Solr – Mats Lindh

SEVERE: org.apache.solr.common.SolrException: can not sort on unindexed field: geodist()

This error may occur if you’re using sort=geodist() in your Solr Spatial / Geographic Search. The reason is probably that you have an empty pt= value or that the parameter is missing all together.

You might also want to make sure that your Solr version is new enough to support sorting by functions, but if you’re doing anything useful with spatial searches you’re probably updated enough – at least for geodist(). :-)

Replacement for Deprecated / Removed BaseTokenFilterFactory

When writing plugins for Solr you’d previously extend the BaseTokenFilterFactory, but at some time since I last built trunk, that changed to TokenFilterFactory – which is located in the util package of lucene instead.

Diff:

- import org.apache.solr.analysis.BaseTokenFilterFactory; 
+ import org.apache.lucene.analysis.util.TokenFilterFactory; 

...

- public class xxxxxFilterFactory extends BaseTokenFilterFactory 
+ public class xxxxxFilterFactory extends TokenFilterFactory

Solr: Missing Geographic Distance in Response When Using fl=_dist_:geodist()

A question that arised at the Freenode Solr IRC channel today was about _dist_:geodist() failing to include a field named _dist_ in the response – a field which would contain the return value from geodist(), which would be the distance from the source point to the destination document. The example from the wiki is:

&q=*:*&sfield=store&pt=45.15,-93.85&sort=geodist() asc&fl=_dist_:geodist()

The _dist_:geodist() in the fl= parameter adds a field named _dist_ with the returned contents from geodist() (the :-syntax creates a field name alias).

.. but why is it missing?
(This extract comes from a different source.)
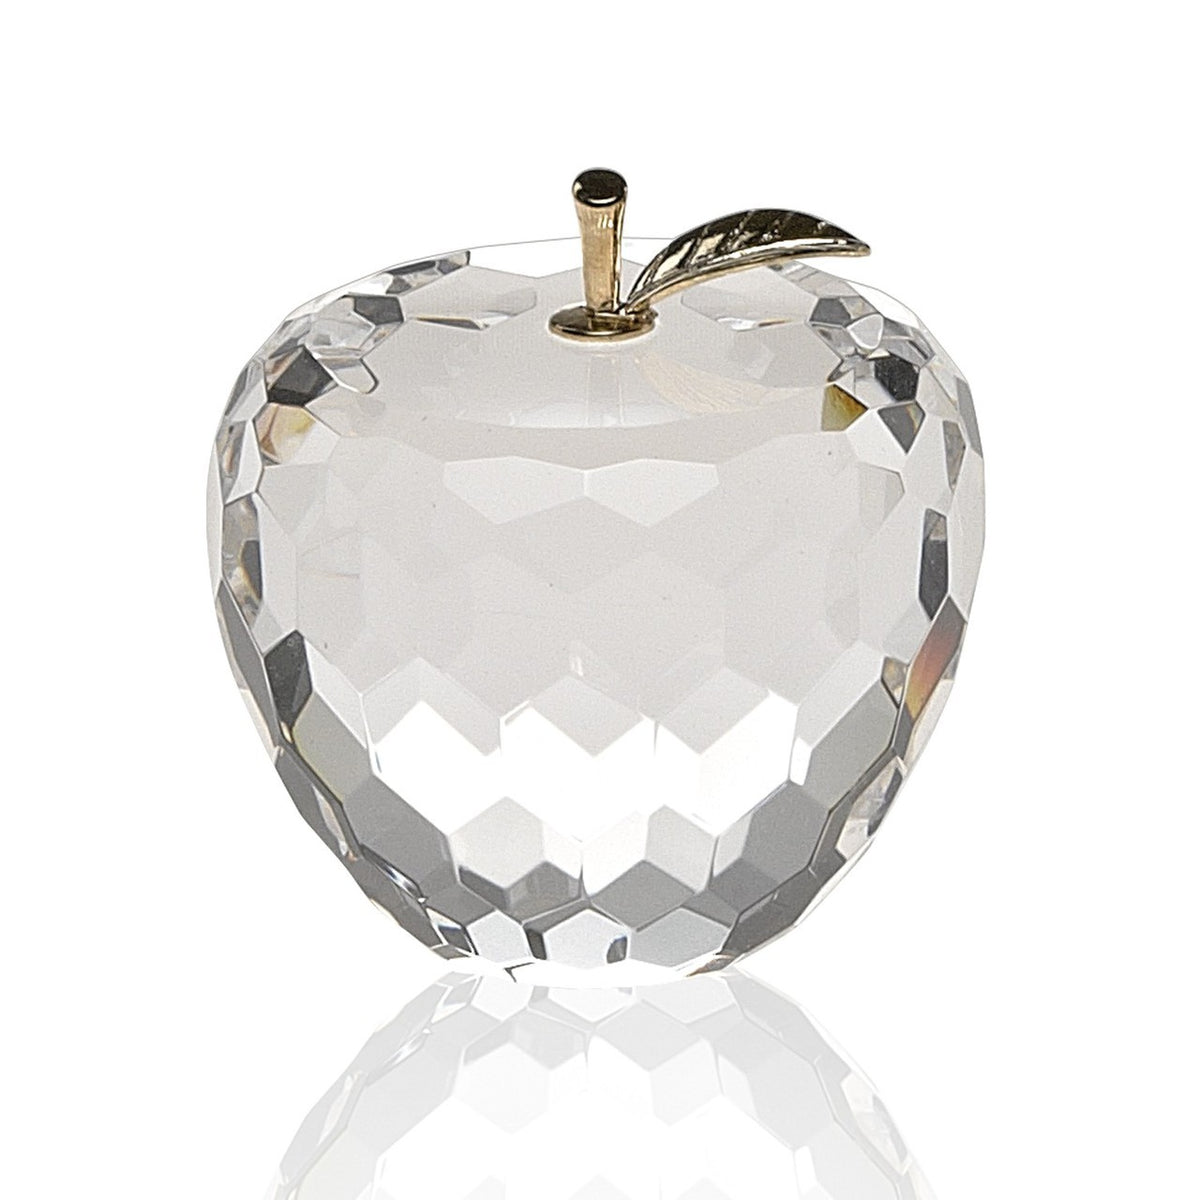 Faceted Apple Paperweight gold stem

Probably because using geodist() in the fl parameter is only supported on Solr 4.0 and later (which is currently only in trunk).

There’s a workaround on the wiki which you can use – but this will not allow you to score documents in any other way – the score returned will be the value of geodist() by using geodist() as the query:

q={!func}geodist()

Solr Response Empty from PHP, but Works in Browser or CURL?

Weird issue that I think I’ve stumbled upon earlier, but yet again reared it’s head yesterday. Certain application containers (possibly Jetty in this case) will for some reason not produce any output from Solr (or other applications I’d guess) if the request is made with HTTP/1.0 as the version identifier (“GET /…/ HTTP/1.0” as the first line of the request). The native HTTP support in PHP identifies itself as HTTP/1.0 as it doesn’t support request chunking, which then turns into a magical problem with requests that used to work, but doesn’t work any longer (the response is just zero bytes in size – all other headers are identical) – but still works as expected if you open them in your browser.

The solution is to either gamble on the server not sending any chunked responses and then setting protocol_version in the stream context that you pass to the file retrieving function (the list of HTTP wrapper settings (.. I don’t think it’s a good idea to define protocol_version as float, but .. well.)), or use cURL instead. The Solr pecl extension uses cURL internally, so it’s not affected by this issue.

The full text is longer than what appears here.